Вечность или больше. Но вслух я говорю – да минутку, наверное, или вроде того.
– Ну и дура. Я же тебе ключ дала лет сто назад!
Часть третья
28
Такое чувство, будто я никуда и не уходила. Будто я все это время лежала здесь, на ее темных шелковых подушках, разглядывая гобелен с птицами, вьющимися среди виноградных лоз, и попивала глинтвейн из фляжки с гравировкой «Выпей меня» – дань зимней традиции. Мои ноги тонут в искусственном меху ее ковра, точно в мягкой шелковистой траве. Ее гостиная пахнет тысячью старых веточек ладана, и где-нибудь в уголке всегда курится свежая. Аромат ее озоновых духов витает в комнате, и я неосознанно следую за его незримой нитью. Граммофон потрескивает пластинкой со старой музыкой – какие-то французские мотивы из шестидесятых. Звучат они как та самая музыка, в которую вы влюбились однажды и после никак не могли найти. Всюду матово светят лампы в форме женских фигур. Их больше, чем когда-либо. Их всегда было так много? Красные бархатные шторы на окне раздвинуты. В окно льется лунный свет – в моей старой квартире он никогда не был таким чистым и прекрасным.
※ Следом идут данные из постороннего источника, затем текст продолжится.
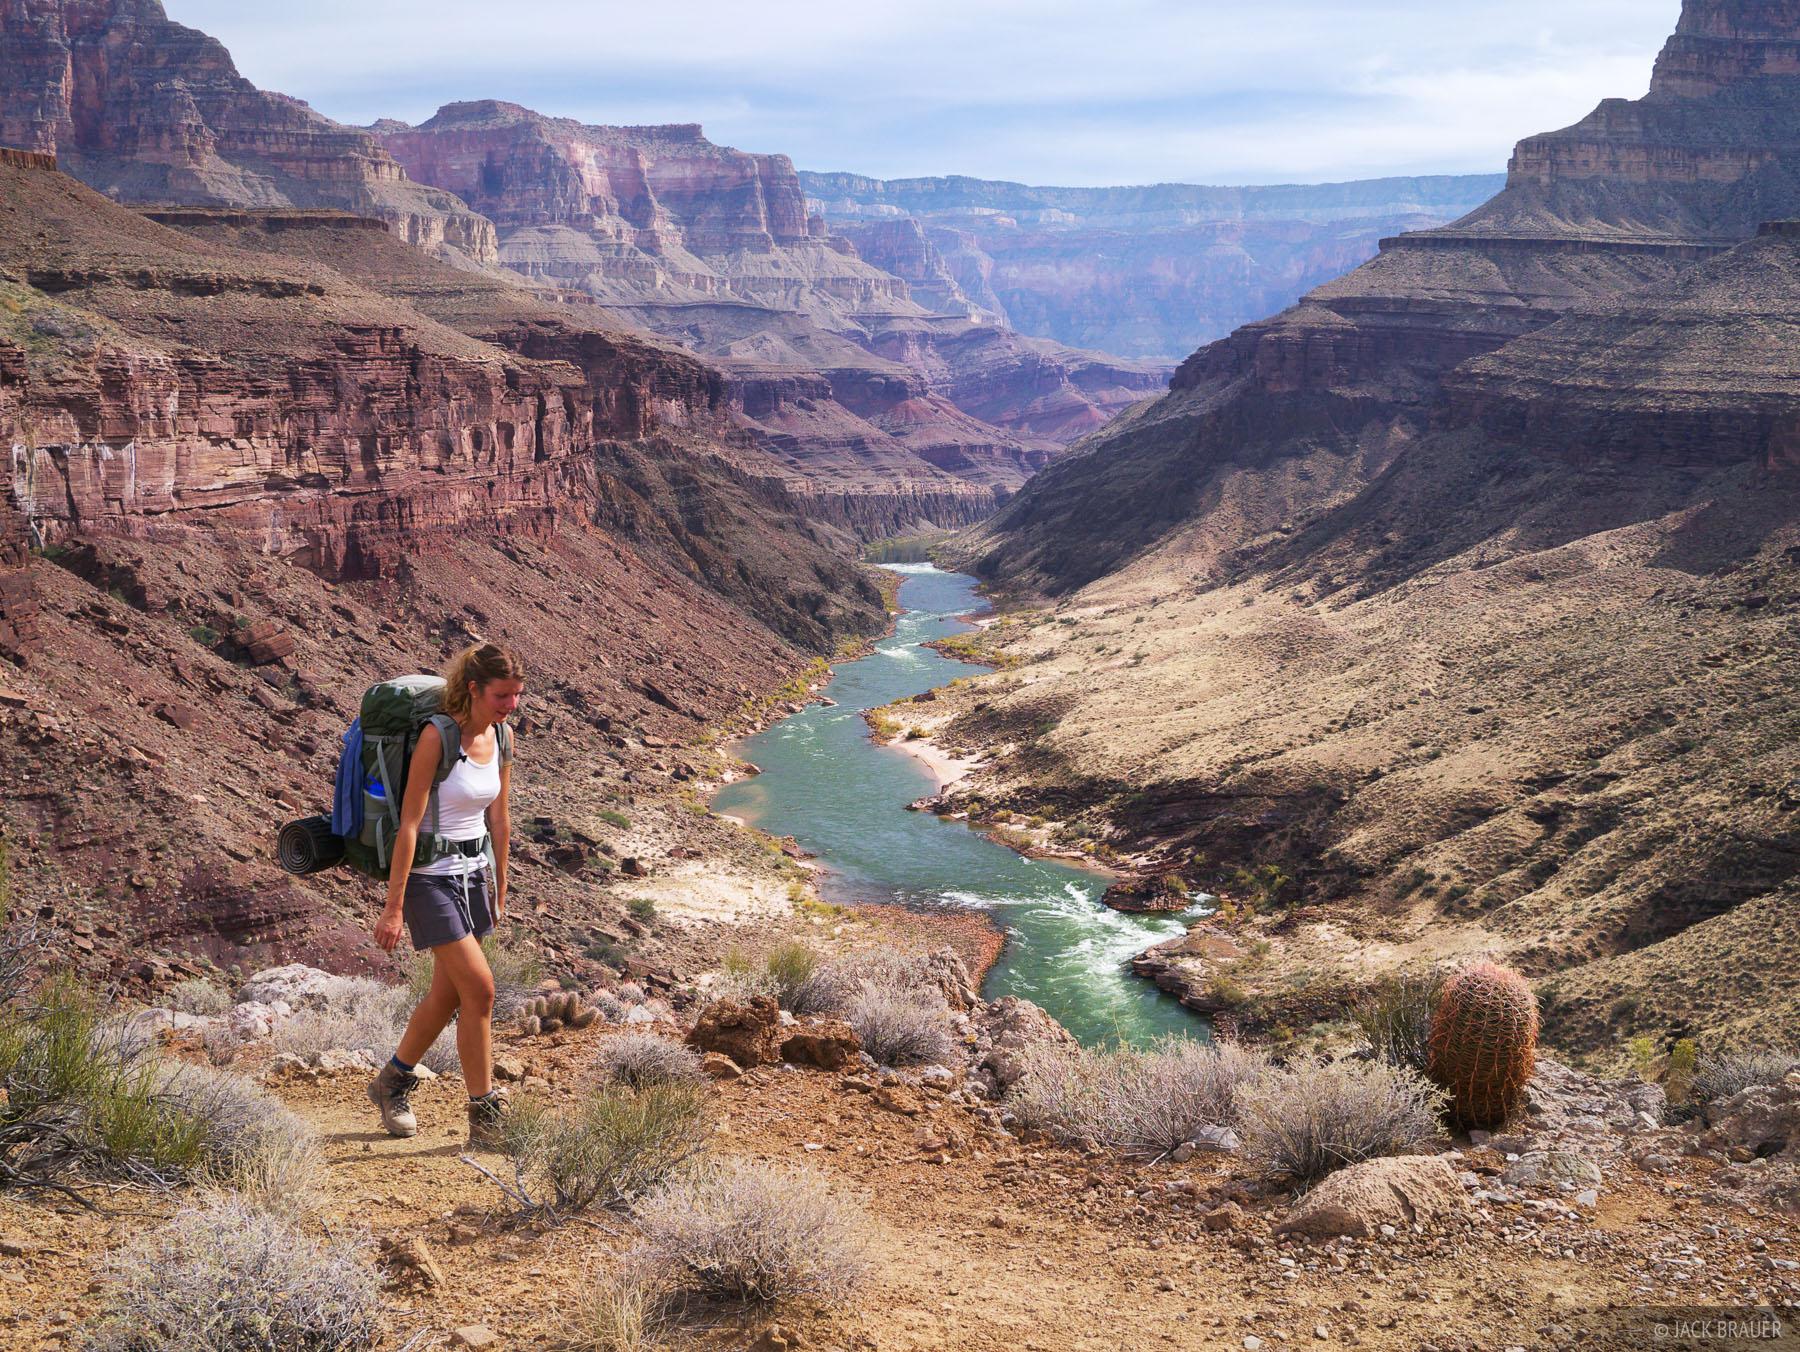 Arizona, Grand Canyon, Colorado River, hiking, photo

Потому что луна ненавидит ту мерзкую квартирку.
Мы лежим у камина. Не помню, чтобы он раньше здесь был. Он большой, выше нас обеих, затянутый рождественской гирляндой. Прекрасный красный рот, с треском жующий дрова, облизывающий их длинными языками пламени. Нет, серьезно, здесь и раньше был камин?
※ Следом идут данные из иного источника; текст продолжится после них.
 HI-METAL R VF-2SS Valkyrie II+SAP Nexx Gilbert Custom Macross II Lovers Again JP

Ш-ш. Лучше придвинься поближе. Ты как ледышка, черт бы тебя побрал.
Она сжимает мои ладони своими, в черных сетчатых митенках, словно только что вернулась с готического выпускного 1985 года. Ее пушистые светлые волосы подсвечены пламенем и напоминают живых змей.
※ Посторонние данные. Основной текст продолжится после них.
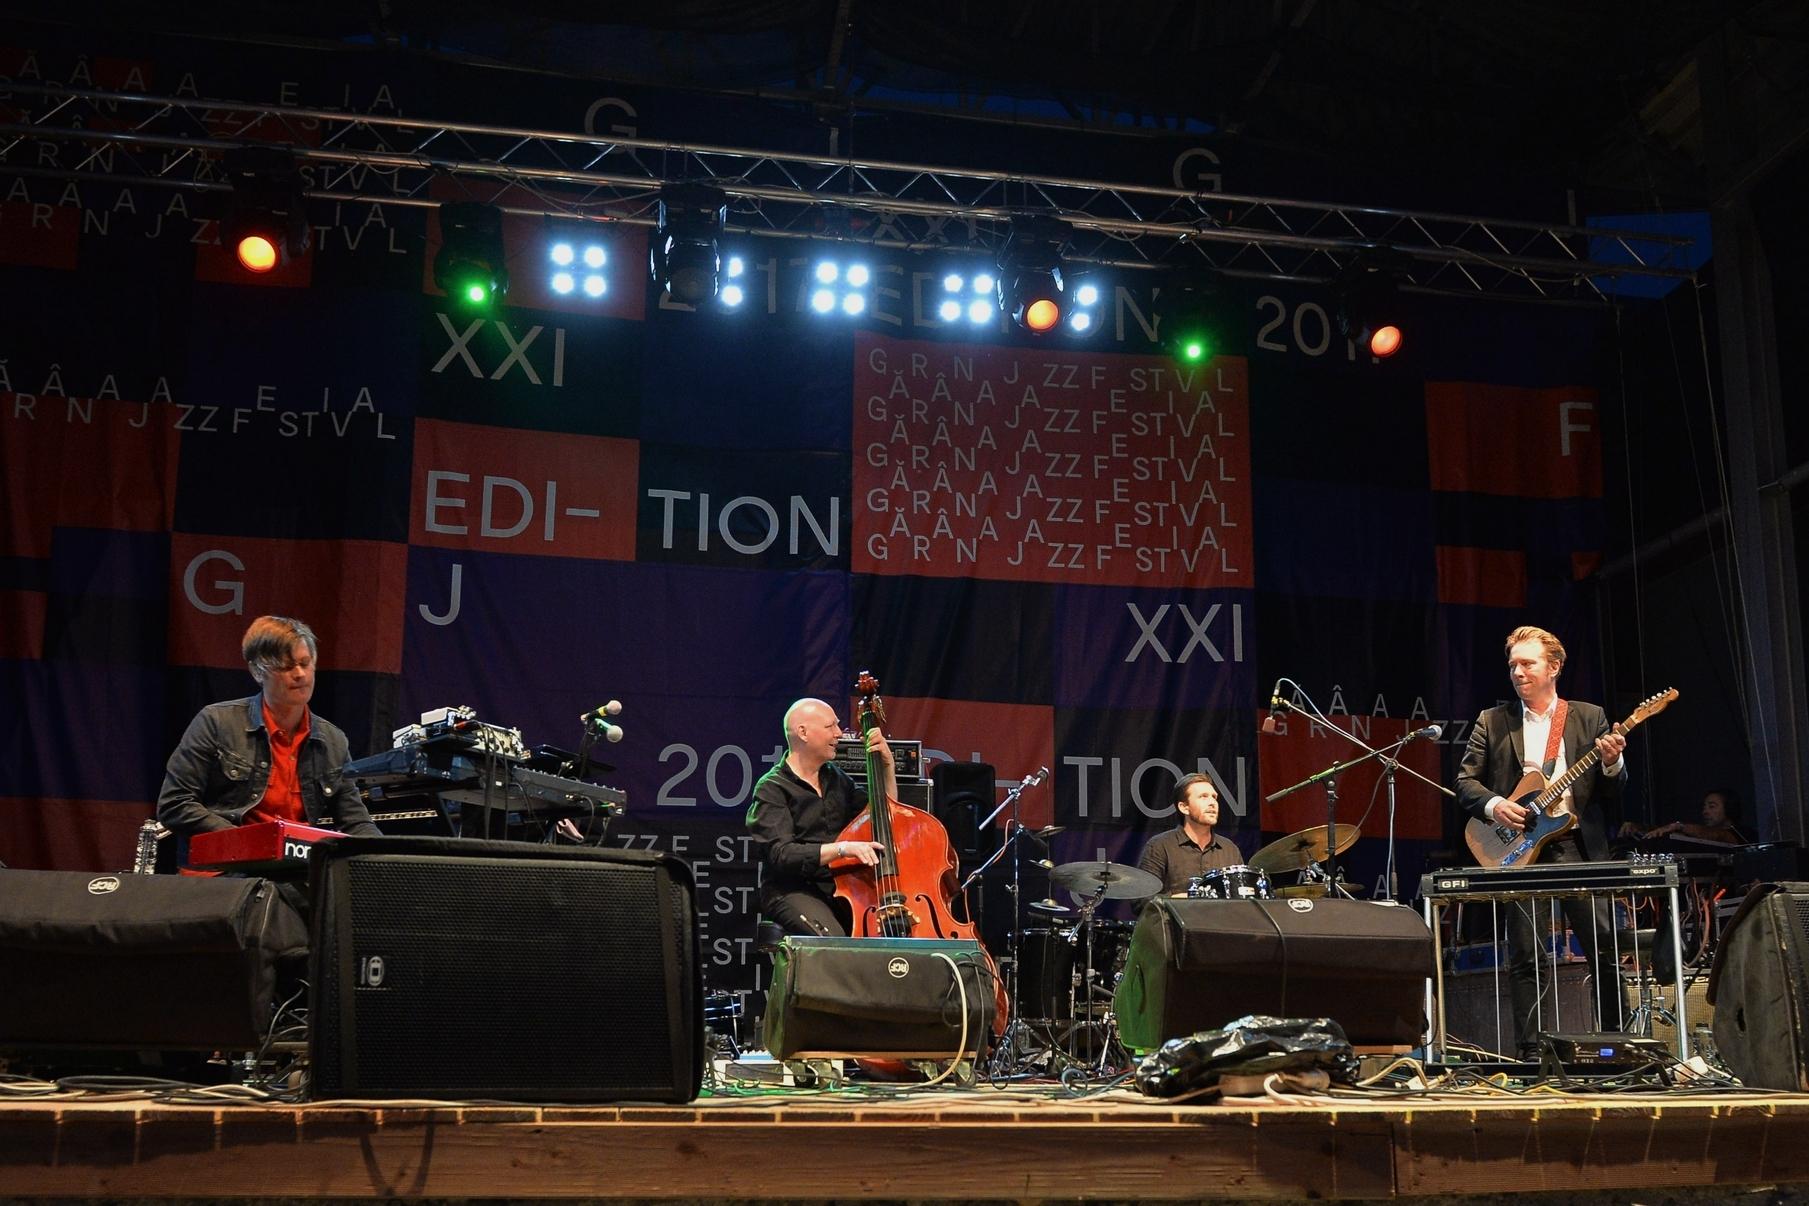 Tonbruket at Garana Jazz Festival 2017

– Я думала, ты бросила меня, – бормочу я.
– Я тоже думала, что ты меня бросила.
– Я? Но ведь это ты собиралась…
– Вообще-то я думала, что тебя убили.
– Убили?
– Не тебя саму, так твою душу. Зверски разорвали на куски эти маленькие сектантки. Я даже свечку за тебя поставила, – она кивает на подоконник.
Я вижу там длинную голубую свечку, кровоточащую горячим воском, а потом снова вглядываюсь в ее лицо, покрытое вуалью. Она предельно серьезна. И ненавидит меня.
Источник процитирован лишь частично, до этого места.